Background/Aims Prospectively evaluate outcomes in the third year of neovascular age-related macular degeneration (AMD) management using ranibizumab with continued treat and extend (TREX) dosing compared with monthly visits with retreatment upon evidence of exudative disease activity (PRN, pro re nata).

Methods Subjects with treatment-naïve neovascular AMD were randomised 1:2 to Monthly or TREX and managed through 2 years. In the third year, subjects randomised to Monthly were managed PRN while subjects randomised to TREX were continued on TREX dosing or transitioned to PRN after achieving an interval of 12 weeks between visits.

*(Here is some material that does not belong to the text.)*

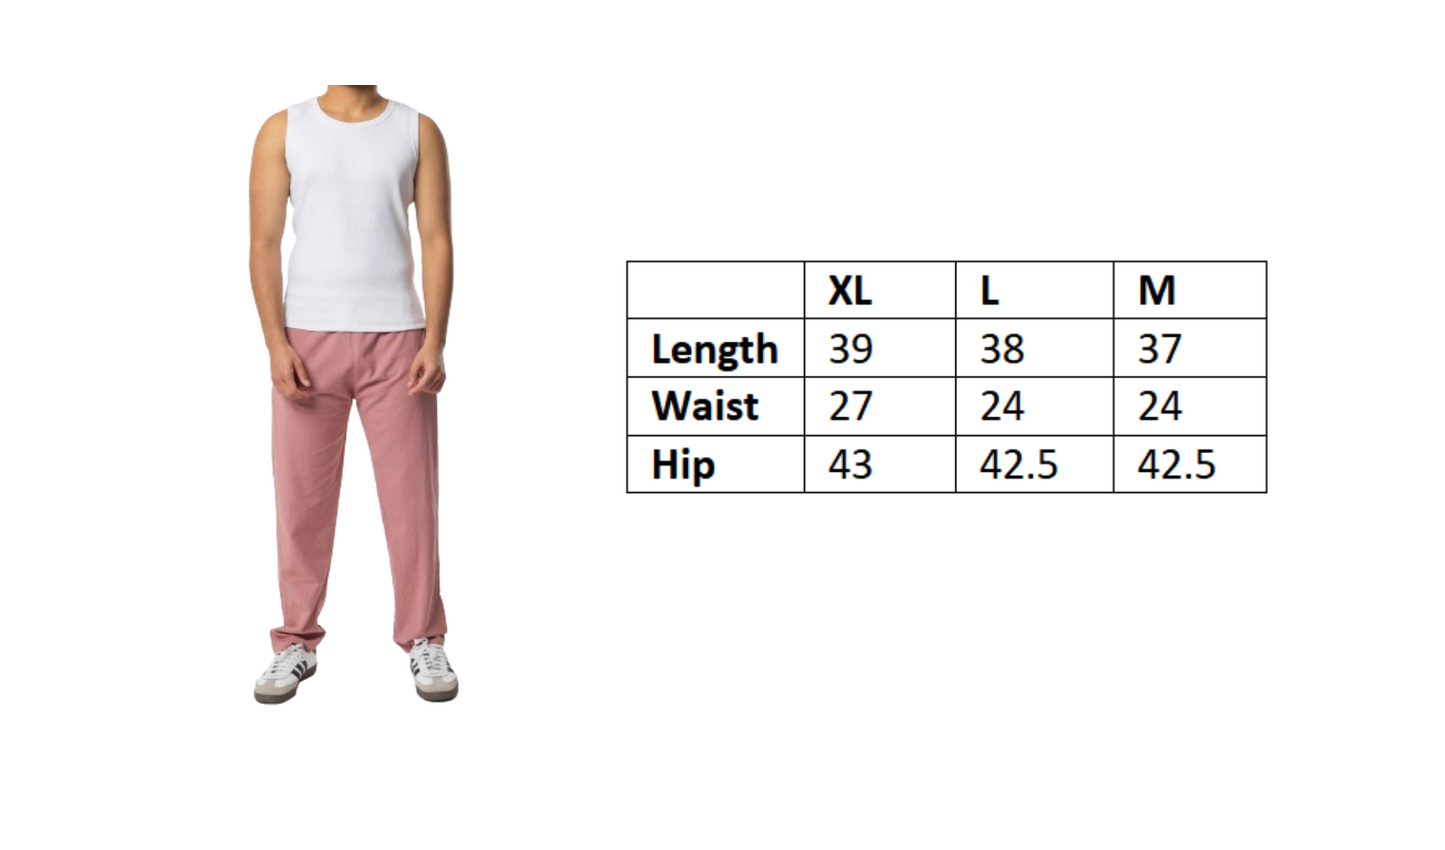 The Linen Pant Pink
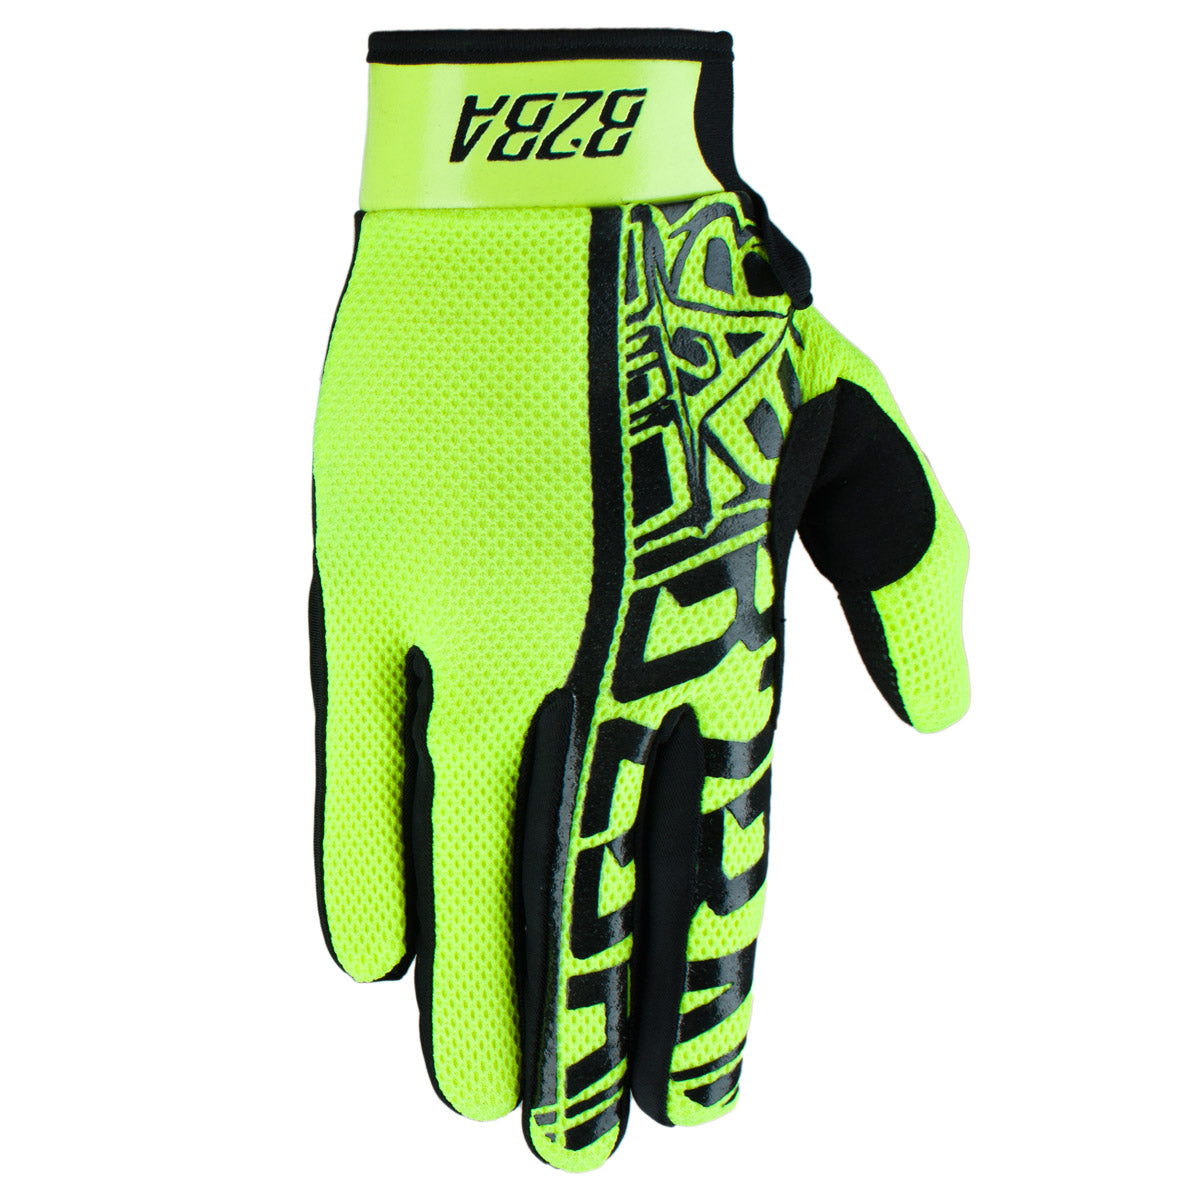 US Awesome Race Glove - B2BA Clothing S / yellow

Results Sixty subjects enrolled and 46 (77%) completed month 36 (M36). Transition from Monthly to PRN was associated with a decline in best corrected visual acuity (BCVA) (+10.5 letters (month 24) to +5.4 (M36, p=0.09)); three (15%) subjects required no dosing during year 3, and 47% (114/243) of possible PRN injections were delivered, yielding a mean of 6.1 injections during year 3. Among the 9 (23%) TREX subjects transitioned to PRN, the need for ongoing anti-vascular endothelial growth factor retreatments was small, with 4 (4%) intravitreal injections being delivered among 106 PRN visits; this subgroup displayed an inferior BCVA trajectory compared with the remainder of subjects. Outcomes among subjects continued on TREX were more favourable, with a mean gain of +5.0 letters at M36.

Conclusions Upon transition to PRN, subjects randomised to monthly dosing experienced a decline in BCVA. Among subjects initially randomised to TREX who transitioned to PRN after achieving a 12-week interval between visits, the overall need for additional treatment was low.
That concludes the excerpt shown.